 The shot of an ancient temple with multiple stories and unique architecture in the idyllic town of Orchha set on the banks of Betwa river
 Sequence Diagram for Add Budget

════════════════════

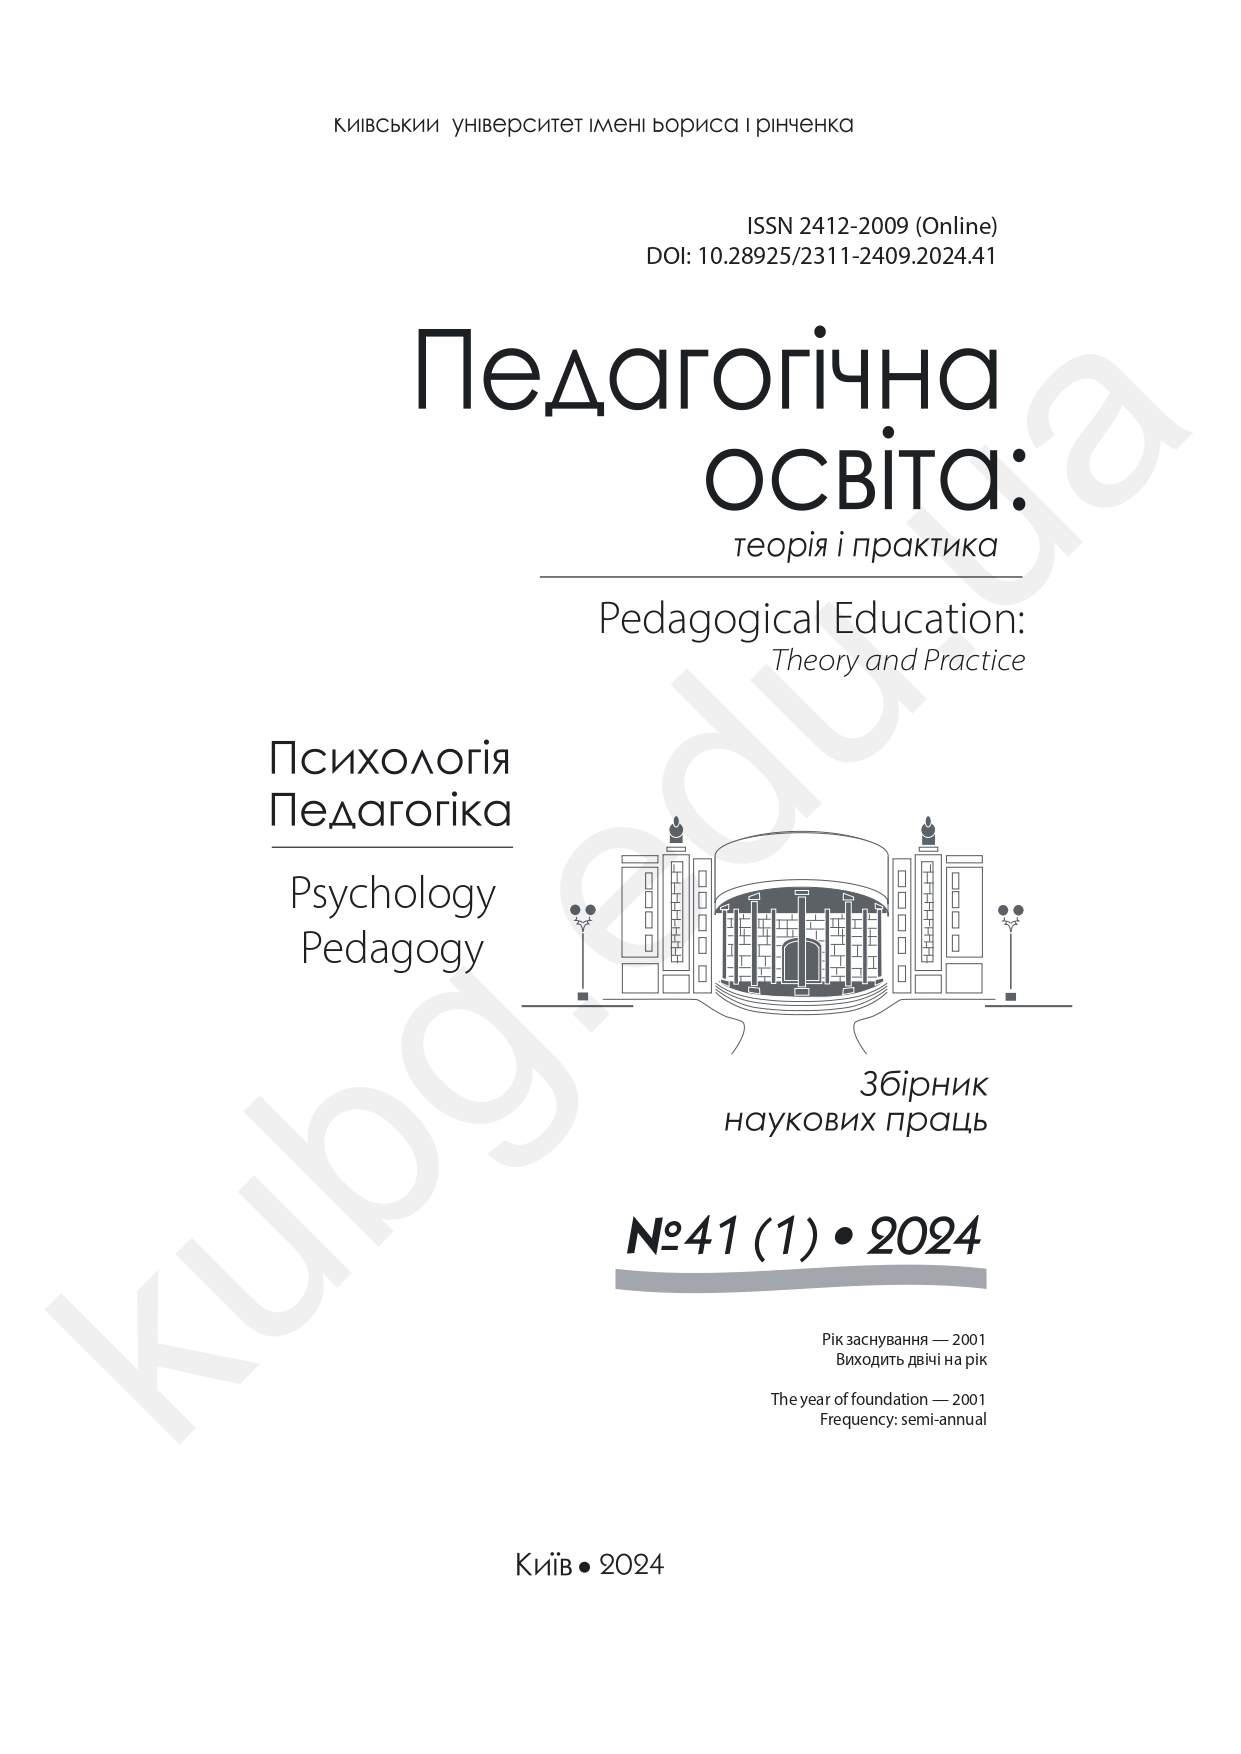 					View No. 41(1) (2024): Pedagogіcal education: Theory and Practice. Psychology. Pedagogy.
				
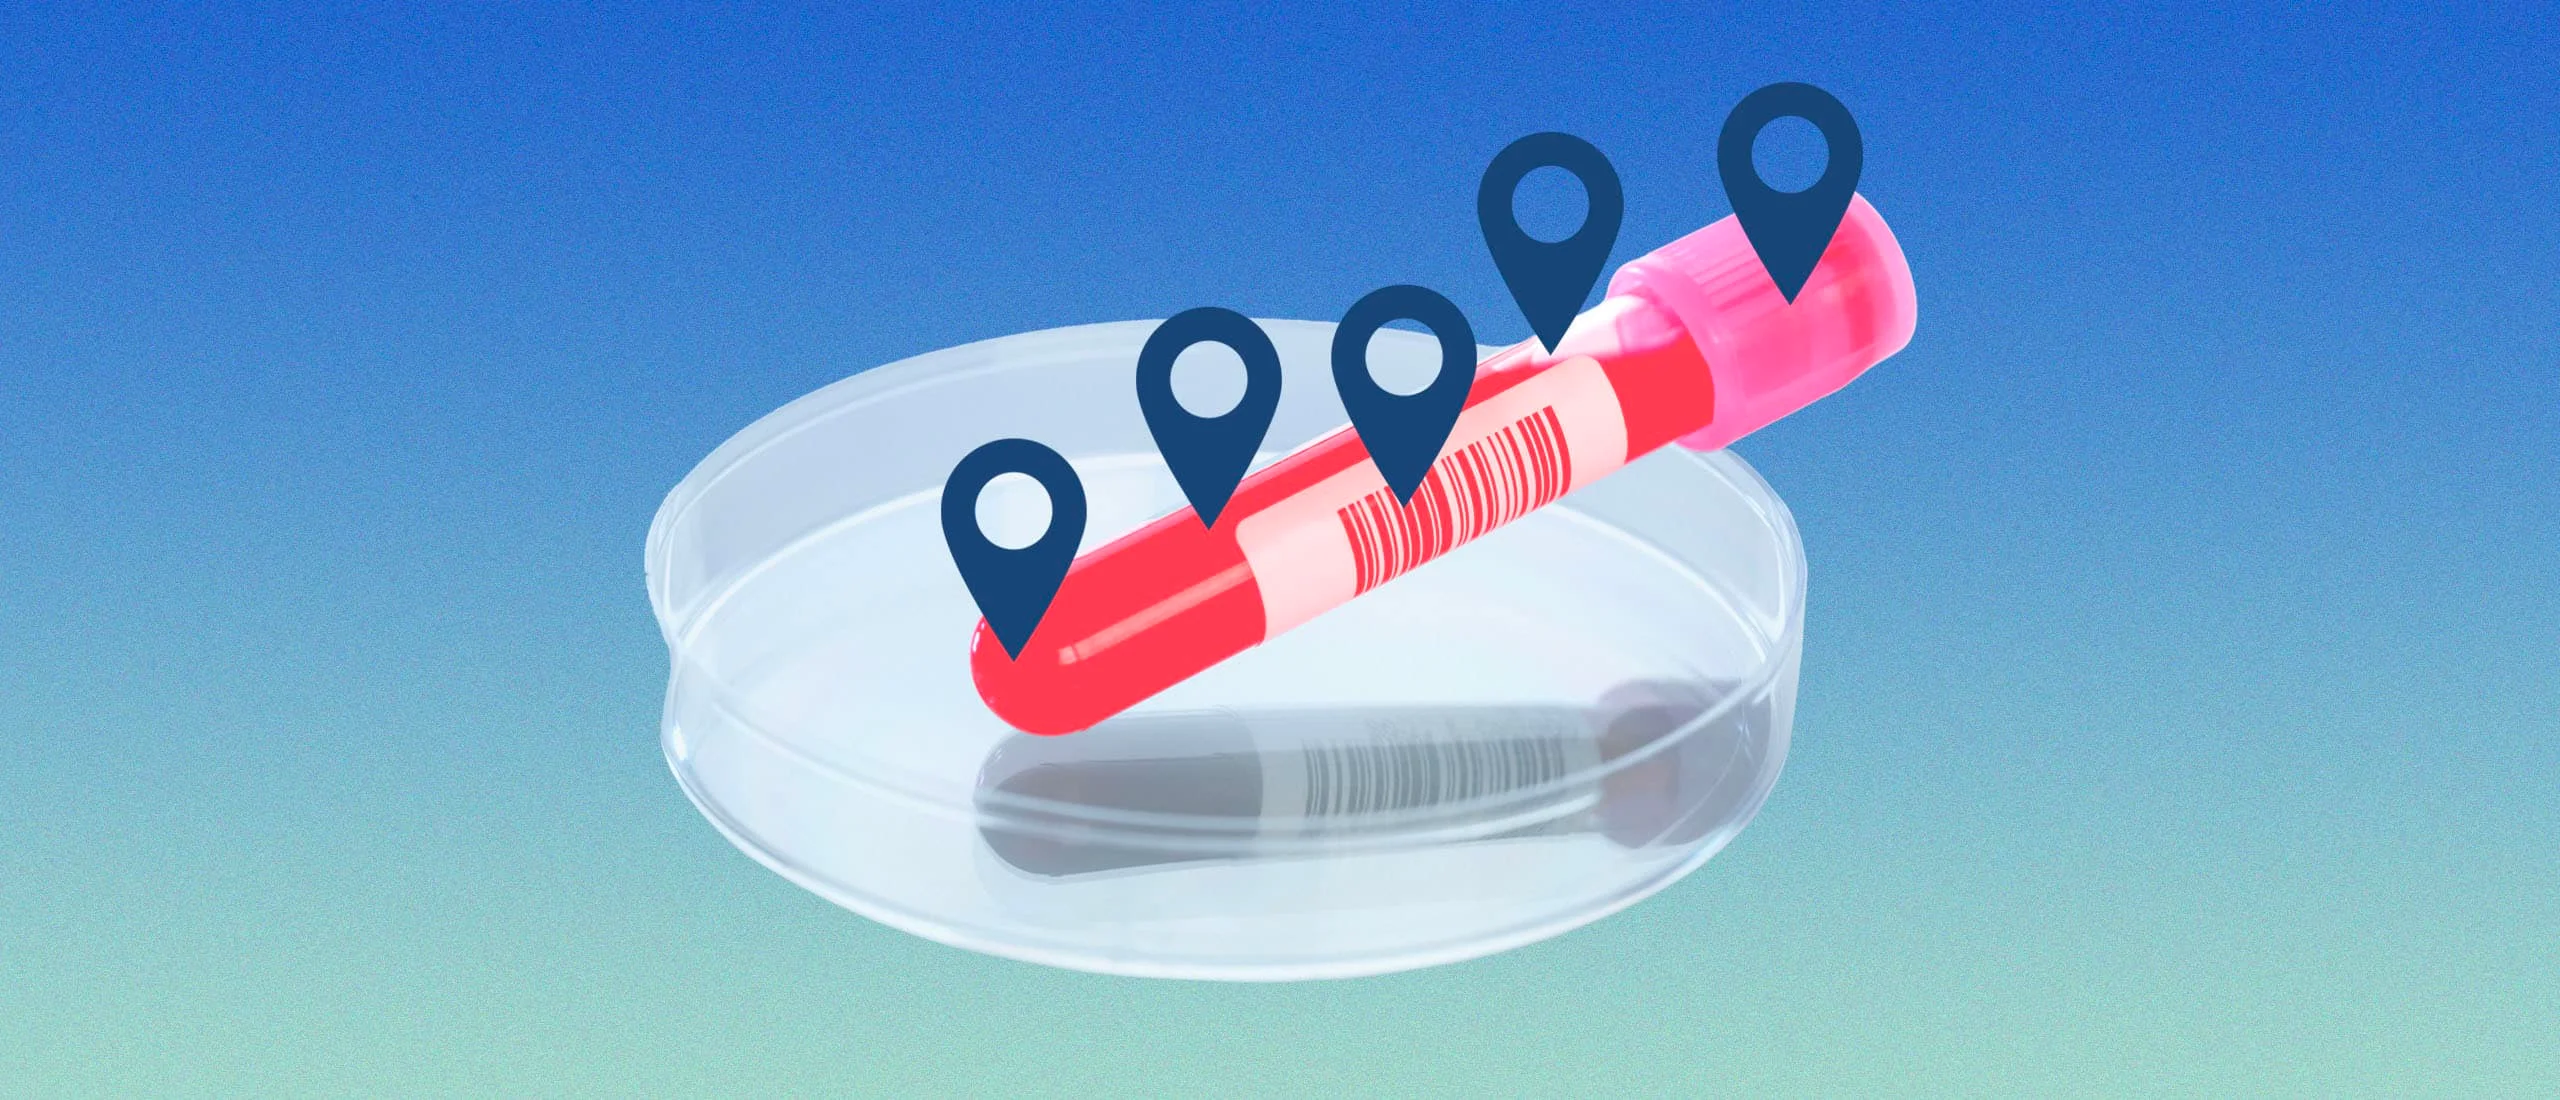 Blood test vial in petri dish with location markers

════════════════════

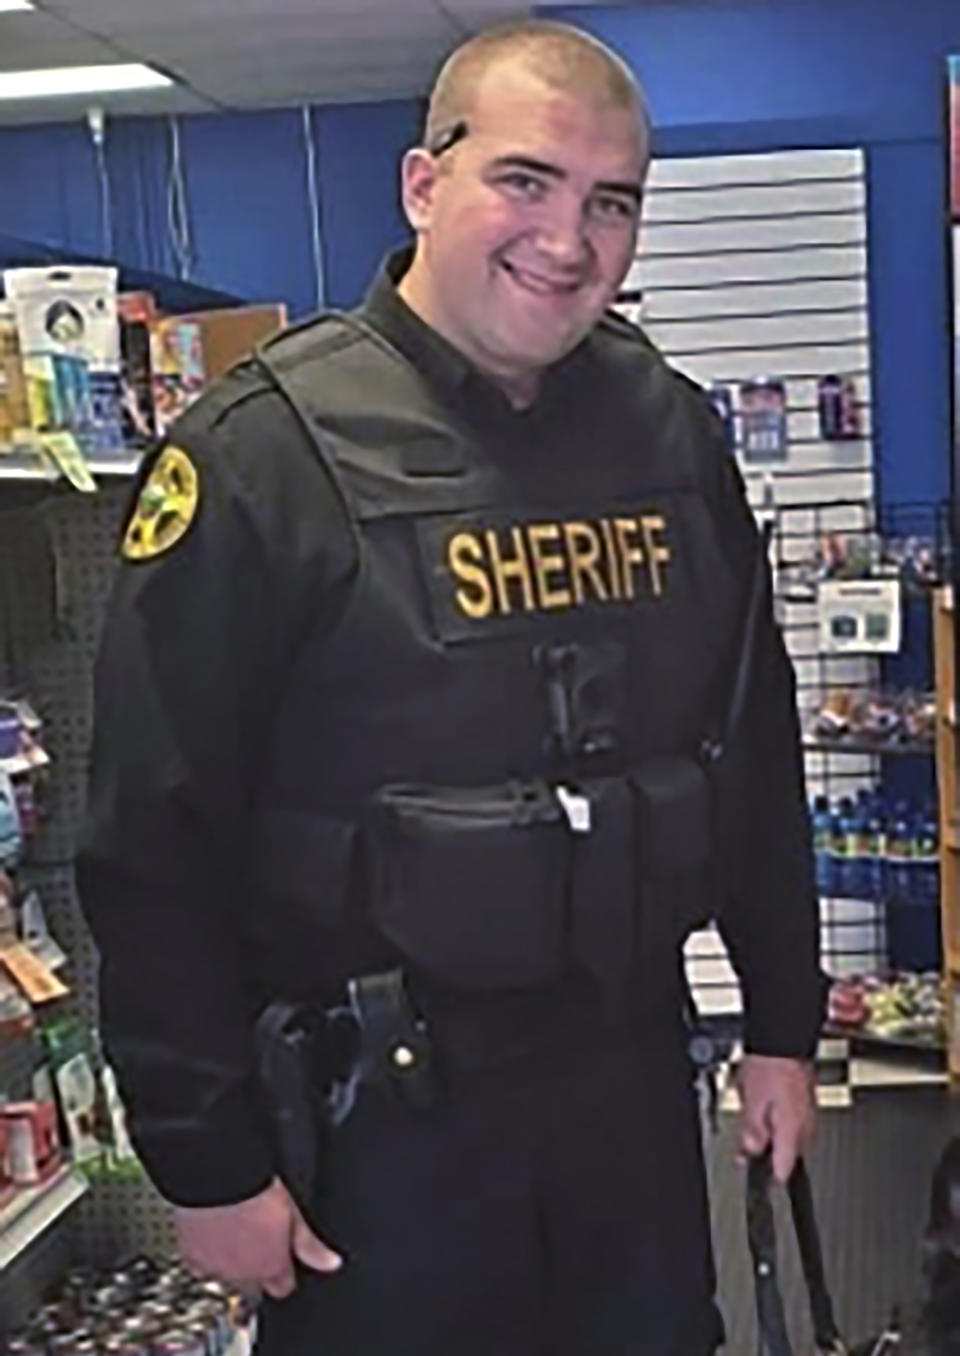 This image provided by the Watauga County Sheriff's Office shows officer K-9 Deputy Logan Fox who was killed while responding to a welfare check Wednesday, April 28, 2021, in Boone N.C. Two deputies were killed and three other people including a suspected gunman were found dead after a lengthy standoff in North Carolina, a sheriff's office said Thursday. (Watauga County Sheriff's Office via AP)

════════════════════

→ Exercise goal
Would you please write out, exactly and with no other lines, the stretch of the listing above from the line containing "The shot of" through the line containing "Sequence Diagram for Add Budget"?

→ Task output
 The shot of an ancient temple with multiple stories and unique architecture in the idyllic town of Orchha set on the banks of Betwa river
 Sequence Diagram for Add Budget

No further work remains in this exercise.